А потом, будто во сне, они уже не ехали к стоявшим на далеком холме палатам. Они оказались у самой стены, и скакуны их уже стояли у крытой коновязи.

Палаты оказались огромными, но особой изысканностью конструкции и пропорций не отличались. Бревенчатые стены, камышовая крыша. В центре обширной залы горел огонь, и дым ел Тени глаза.

– Нужно было собраться в моей голове, а не в его, – проворчал, встретившись с Тенью глазами, мистер Нанси. – Там было бы куда теплее.

– А мы у него в голове?

– Более или менее. Это Валаскьяльв. Древние его палаты.

Тень с облегчением отметил про себя, что Нанси снова превратился в прежнего старика в желтых перчатках, хотя в отблесках горевшего посреди зала пламени тень его билась, корчилась, металась и принимала формы далеко не всегда человеческие.

Вдоль бревенчатых стен тянулись деревянные скамьи, а на скамьях сидели – или стояли рядом с ними – люди, человек десять. Друг от друга они держались на почтительном расстоянии, и компания была довольно пестрая: темнокожая почтенного вида женщина в красном сари, несколько потрепанного вида бизнесменов, и еще кто-то, кого Тень из-за огня никак не мог как следует разглядеть.

– Где они все? – с яростным шепотом обернулся к Нанси Среда. – Ну? Где они? Нас тут должен быть не один десяток. Нас тут должны быть сотни!

– Приглашать публику – это было по твоей части, – пожал плечами Нанси. – По мне, так удивительно, что здесь вообще хоть кто-то собрался. Как ты думаешь, не рассказать ли мне байку для затравки?

Среда затряс головой.

– И думать не моги.

– Вид у них не больно радостный, – продолжил Нанси. – А добрая байка – прекрасный способ завоевать симпатии публики. А барда подходящего, чтобы спел им что-нибудь, у тебя, насколько я понимаю, при себе нет.

– Давай без баек, – сказал Среда. – Не время сейчас. Время травить байки придет позже. А сейчас не стоит.

– Не стоит. Ну и ладно. Я просто выступлю у тебя на разогреве, – и с этими словами мистер Нанси вышел вперед, поближе к очагу, с широкой радостной улыбкой на лице.

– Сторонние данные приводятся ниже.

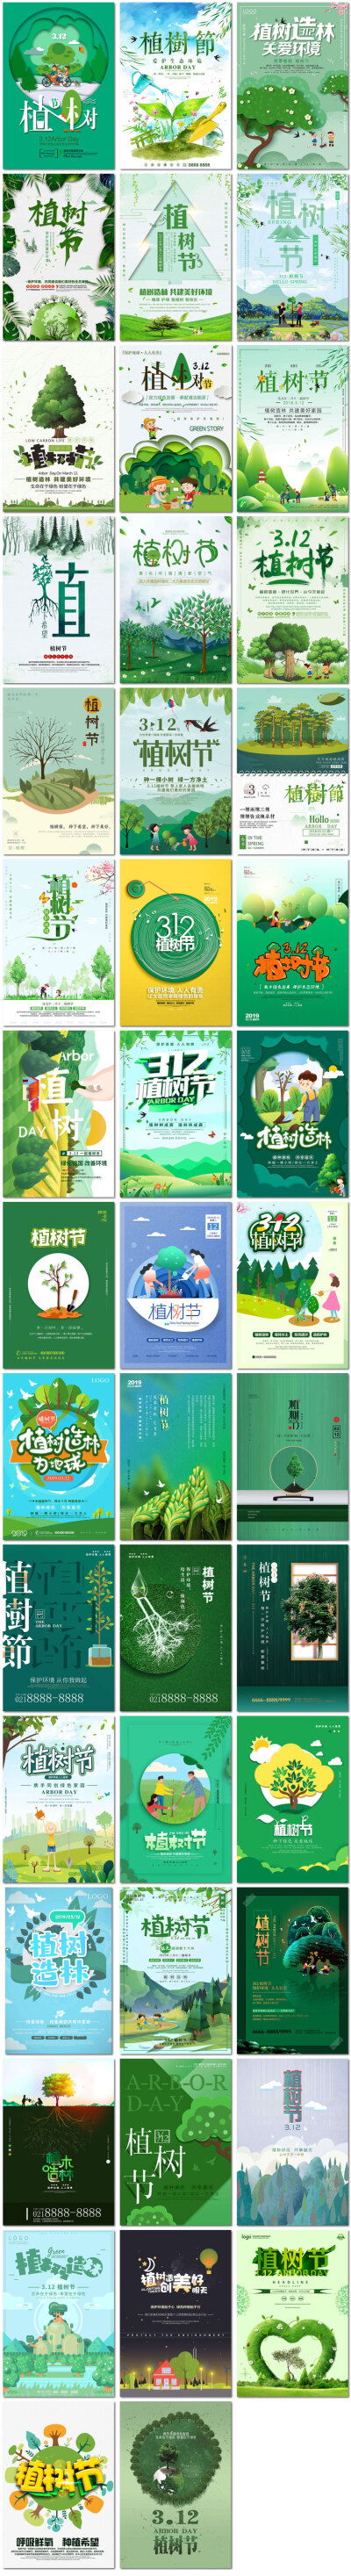 312植树节植树造林绿色环保宣传配图公益插画海报psd模板素材设计

– Я знаю, о чем вы все сейчас думаете, – сказал он. – Вы думаете: с чего это Компэ Ананси взбрело в голову заговаривать нам зубы, когда Отец Всех затащил нас сюда, точно так же, как и самого Компэ Ананси он тоже сюда затащил? И знаете, что я вам на это скажу: иной раз порядочным людям не грех кое о чем и напомнить. Когда я вошел в этот зал и оглянулся вокруг, я подумал: а где все остальные? А следом мне пришла в голову еще одна мысль: нас мало, а их много, и поэтому мы слабее, чем они, – но именно это и позволяет нам надеяться на победу.

Знаете, как-то раз, давным-давно, я встретил у водопоя тигра: орешки у него были – самые большие, какие только могут быть у зверя, и когти самые острые, и два передних клыка были длинные как сабли и острые как бритва. И я сказал ему: братец Тигр, пока ты плаваешь, давай я пригляжу за твоими орешками. Он ими так гордился, своими орешками. И вот он прыгнул в воду, а я прицепил его тигриные орешки, а ему оставил свои, крошечные, паучьи. А потом – знаете, что я сделал потом? Я удрал оттуда, и бежал так быстро, как только мои длинные паучьи ножки могли меня носить.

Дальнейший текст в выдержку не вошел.